Microsoft Wants to be Your Cloud Provider
May 19th, 2008 (2:00pm) Mike Gunderloy 3 Comments
Which online email service provider is adding ten thousand servers to their data centers every month to keep up with demand? Would you believe it’s Microsoft? That’s one of the tidbits of info to come out of an interview Reuters conducted with Office VP Chris Capossela, looking at the future of the company’s hosted services. These include Exchange Online: the service that lets you keep your email on Exchange while delegating server management hassles back to Microsoft.

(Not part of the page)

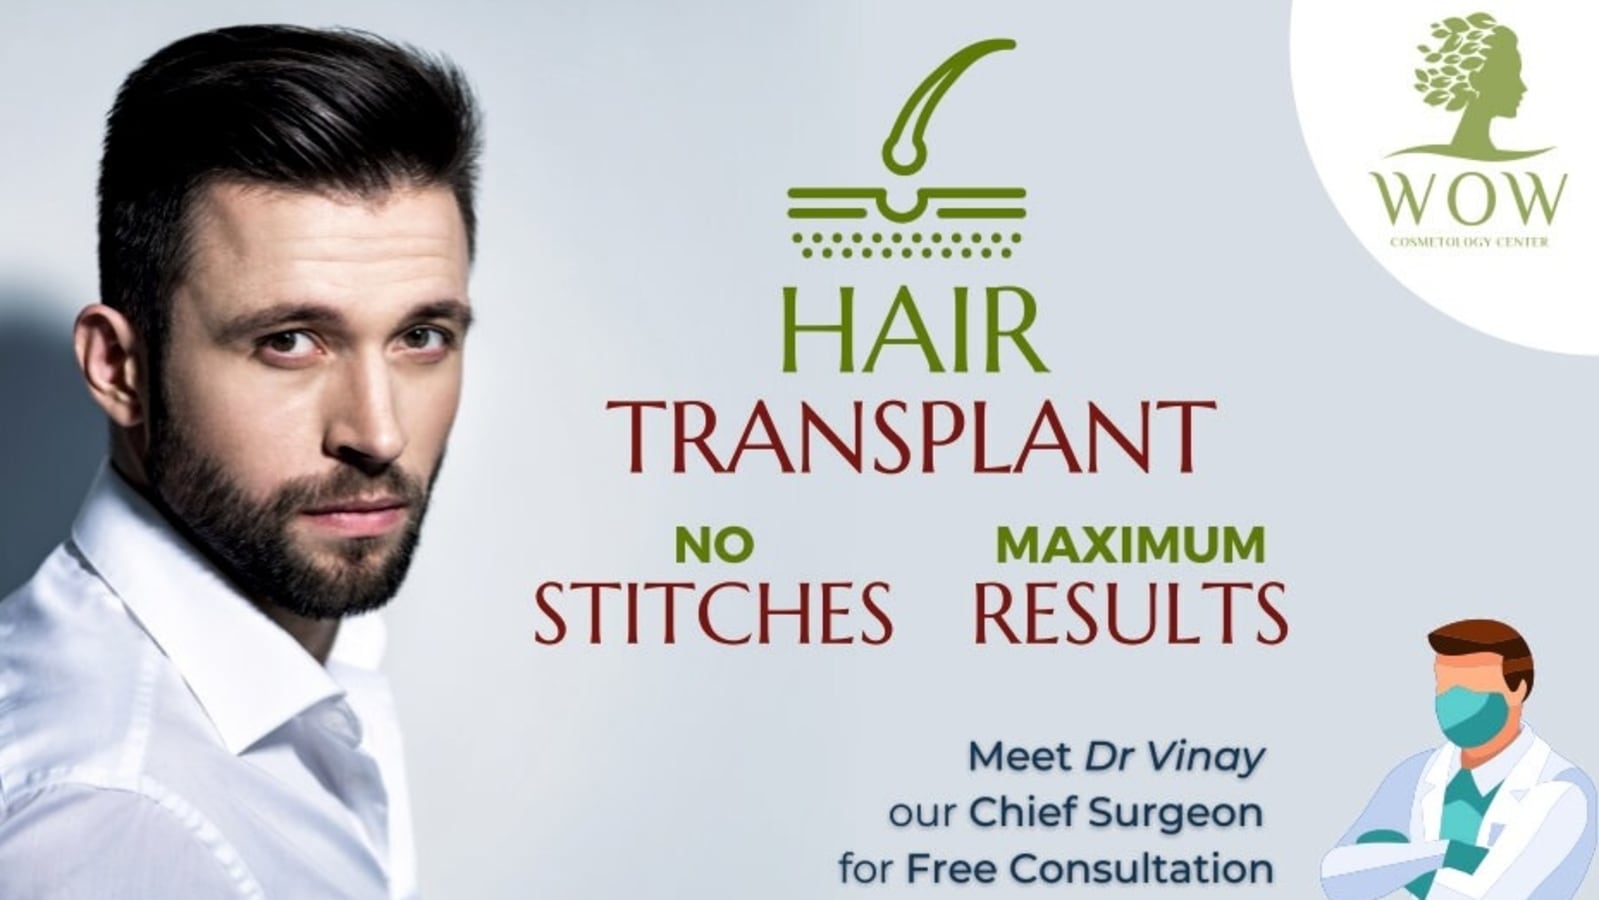 5 Best Hair Transplant Clinics in India

Capossela says Microsoft has an advantage over pure-cloud companies by offering a choice of hosted or licensed servers. But the company is seeing a move in the direction of hosted: he predicts 50% of all Exchange mailboxes will be in the hosted version in five years. There’s a certain attraction to this notion: why spend time trying to configure open source software or GMail extensions to make it act like Exchange, when you can just buy Exchange instead? Still, this plan seems more likely to take hold in the corporate world as a replacement to existing servers than to make headway among small-scale web workers.

3 Comments Post your own comment
Luke Hoersten says: May 19th, 2008 7:49pm
Why spend money trying to configure Exchange to make it act like cloud Gmail, when you can just get free Gmail instead?
10,000 servers per month? I’d like to see how many connections they are serving per computer because that much hardware sounds extremely slovenly. Maybe more people are using hotmail than it seems?
Kevin says: May 19th, 2008 8:57pm
I’ve used several hosted exchange services (still trying to find the perfect one). They’re great if you have a Windows Mobile 5/6 phone and a data plan.
Don’t really see any reason to go directly to MS… Checked their plans and they don’t see to be offering any type of cost/benefit over what’s already available.